[[ MATERIAL PROVIDED, beginning ]]
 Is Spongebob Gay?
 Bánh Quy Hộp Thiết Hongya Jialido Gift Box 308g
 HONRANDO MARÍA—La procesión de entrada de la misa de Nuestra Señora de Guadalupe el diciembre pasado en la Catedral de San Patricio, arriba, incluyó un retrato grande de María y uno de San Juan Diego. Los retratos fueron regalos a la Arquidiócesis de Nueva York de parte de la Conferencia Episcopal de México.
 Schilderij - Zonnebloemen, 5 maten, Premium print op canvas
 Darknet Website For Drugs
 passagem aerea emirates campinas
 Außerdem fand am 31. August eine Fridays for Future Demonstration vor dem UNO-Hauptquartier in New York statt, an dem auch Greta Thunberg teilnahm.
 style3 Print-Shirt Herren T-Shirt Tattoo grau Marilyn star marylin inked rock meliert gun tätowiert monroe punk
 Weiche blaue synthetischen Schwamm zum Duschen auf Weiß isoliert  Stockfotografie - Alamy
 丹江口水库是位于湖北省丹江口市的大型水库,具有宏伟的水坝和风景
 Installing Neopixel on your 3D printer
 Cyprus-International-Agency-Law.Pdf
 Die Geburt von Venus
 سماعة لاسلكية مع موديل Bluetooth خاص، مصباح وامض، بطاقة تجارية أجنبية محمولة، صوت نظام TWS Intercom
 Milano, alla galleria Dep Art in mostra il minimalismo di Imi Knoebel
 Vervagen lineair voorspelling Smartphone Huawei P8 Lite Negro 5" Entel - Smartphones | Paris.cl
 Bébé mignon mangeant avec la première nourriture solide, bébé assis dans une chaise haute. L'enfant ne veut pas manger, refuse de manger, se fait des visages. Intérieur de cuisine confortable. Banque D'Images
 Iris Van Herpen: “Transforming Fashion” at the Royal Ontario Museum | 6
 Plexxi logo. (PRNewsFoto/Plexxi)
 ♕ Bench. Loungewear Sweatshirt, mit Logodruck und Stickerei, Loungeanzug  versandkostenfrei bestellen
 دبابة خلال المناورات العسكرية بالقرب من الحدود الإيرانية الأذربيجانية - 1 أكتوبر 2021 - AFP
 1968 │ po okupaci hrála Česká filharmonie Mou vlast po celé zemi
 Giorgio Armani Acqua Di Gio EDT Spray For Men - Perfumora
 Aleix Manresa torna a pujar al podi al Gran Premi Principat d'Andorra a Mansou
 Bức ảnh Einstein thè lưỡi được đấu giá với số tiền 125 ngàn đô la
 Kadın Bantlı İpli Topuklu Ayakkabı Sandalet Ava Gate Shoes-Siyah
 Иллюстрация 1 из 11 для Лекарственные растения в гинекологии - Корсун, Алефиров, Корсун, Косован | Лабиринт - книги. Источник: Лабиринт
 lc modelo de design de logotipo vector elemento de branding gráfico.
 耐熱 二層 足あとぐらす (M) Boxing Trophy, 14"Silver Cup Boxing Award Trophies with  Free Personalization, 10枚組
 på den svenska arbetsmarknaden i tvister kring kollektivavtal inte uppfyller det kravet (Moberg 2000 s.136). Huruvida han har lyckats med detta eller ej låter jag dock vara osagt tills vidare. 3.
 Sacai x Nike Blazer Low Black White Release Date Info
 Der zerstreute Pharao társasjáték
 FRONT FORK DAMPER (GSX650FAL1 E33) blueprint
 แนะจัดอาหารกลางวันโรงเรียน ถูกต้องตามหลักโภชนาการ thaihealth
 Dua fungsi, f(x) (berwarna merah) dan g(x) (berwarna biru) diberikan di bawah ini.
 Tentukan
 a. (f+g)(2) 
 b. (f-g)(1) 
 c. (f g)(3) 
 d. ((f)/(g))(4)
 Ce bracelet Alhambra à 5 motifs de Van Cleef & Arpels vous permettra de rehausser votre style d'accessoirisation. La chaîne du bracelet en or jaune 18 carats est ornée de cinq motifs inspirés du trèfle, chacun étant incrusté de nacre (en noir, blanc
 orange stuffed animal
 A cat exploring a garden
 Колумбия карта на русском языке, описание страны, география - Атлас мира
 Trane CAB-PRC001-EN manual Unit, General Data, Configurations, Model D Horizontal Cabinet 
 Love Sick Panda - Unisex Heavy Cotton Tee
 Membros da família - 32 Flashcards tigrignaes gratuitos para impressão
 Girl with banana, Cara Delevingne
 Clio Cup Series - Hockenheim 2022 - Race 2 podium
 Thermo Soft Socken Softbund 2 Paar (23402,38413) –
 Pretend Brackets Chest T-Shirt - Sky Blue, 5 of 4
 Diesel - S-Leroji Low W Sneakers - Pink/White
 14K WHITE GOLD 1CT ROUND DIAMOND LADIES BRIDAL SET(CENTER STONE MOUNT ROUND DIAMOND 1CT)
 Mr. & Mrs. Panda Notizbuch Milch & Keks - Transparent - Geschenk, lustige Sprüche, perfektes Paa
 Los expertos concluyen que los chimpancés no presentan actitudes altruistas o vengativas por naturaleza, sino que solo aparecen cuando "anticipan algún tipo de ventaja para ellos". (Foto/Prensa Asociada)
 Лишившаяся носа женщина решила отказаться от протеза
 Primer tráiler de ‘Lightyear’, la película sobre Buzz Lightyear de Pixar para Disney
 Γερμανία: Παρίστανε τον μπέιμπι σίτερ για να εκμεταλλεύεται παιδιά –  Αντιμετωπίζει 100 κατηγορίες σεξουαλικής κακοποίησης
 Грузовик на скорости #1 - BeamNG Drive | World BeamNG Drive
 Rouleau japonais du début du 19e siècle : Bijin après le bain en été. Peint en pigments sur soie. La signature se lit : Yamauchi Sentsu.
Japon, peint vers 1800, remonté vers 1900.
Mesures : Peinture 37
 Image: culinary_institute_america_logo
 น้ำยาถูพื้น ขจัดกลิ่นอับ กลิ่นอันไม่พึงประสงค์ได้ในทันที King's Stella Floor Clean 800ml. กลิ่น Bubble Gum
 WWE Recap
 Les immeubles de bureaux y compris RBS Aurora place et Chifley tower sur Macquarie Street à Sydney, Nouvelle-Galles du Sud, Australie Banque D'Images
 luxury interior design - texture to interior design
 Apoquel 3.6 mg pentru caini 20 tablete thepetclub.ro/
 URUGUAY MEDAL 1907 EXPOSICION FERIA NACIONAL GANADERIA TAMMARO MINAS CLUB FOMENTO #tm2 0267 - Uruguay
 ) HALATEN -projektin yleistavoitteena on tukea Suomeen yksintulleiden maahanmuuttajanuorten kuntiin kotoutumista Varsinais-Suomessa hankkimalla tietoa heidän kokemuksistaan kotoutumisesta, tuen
[[ MATERIAL PROVIDED, end ]]
TASK OBJECTIVE
Go through the records above and copy each line where "design" is found.

OUTPUT BELOW
 lc modelo de design de logotipo vector elemento de branding gráfico.
 luxury interior design - texture to interior design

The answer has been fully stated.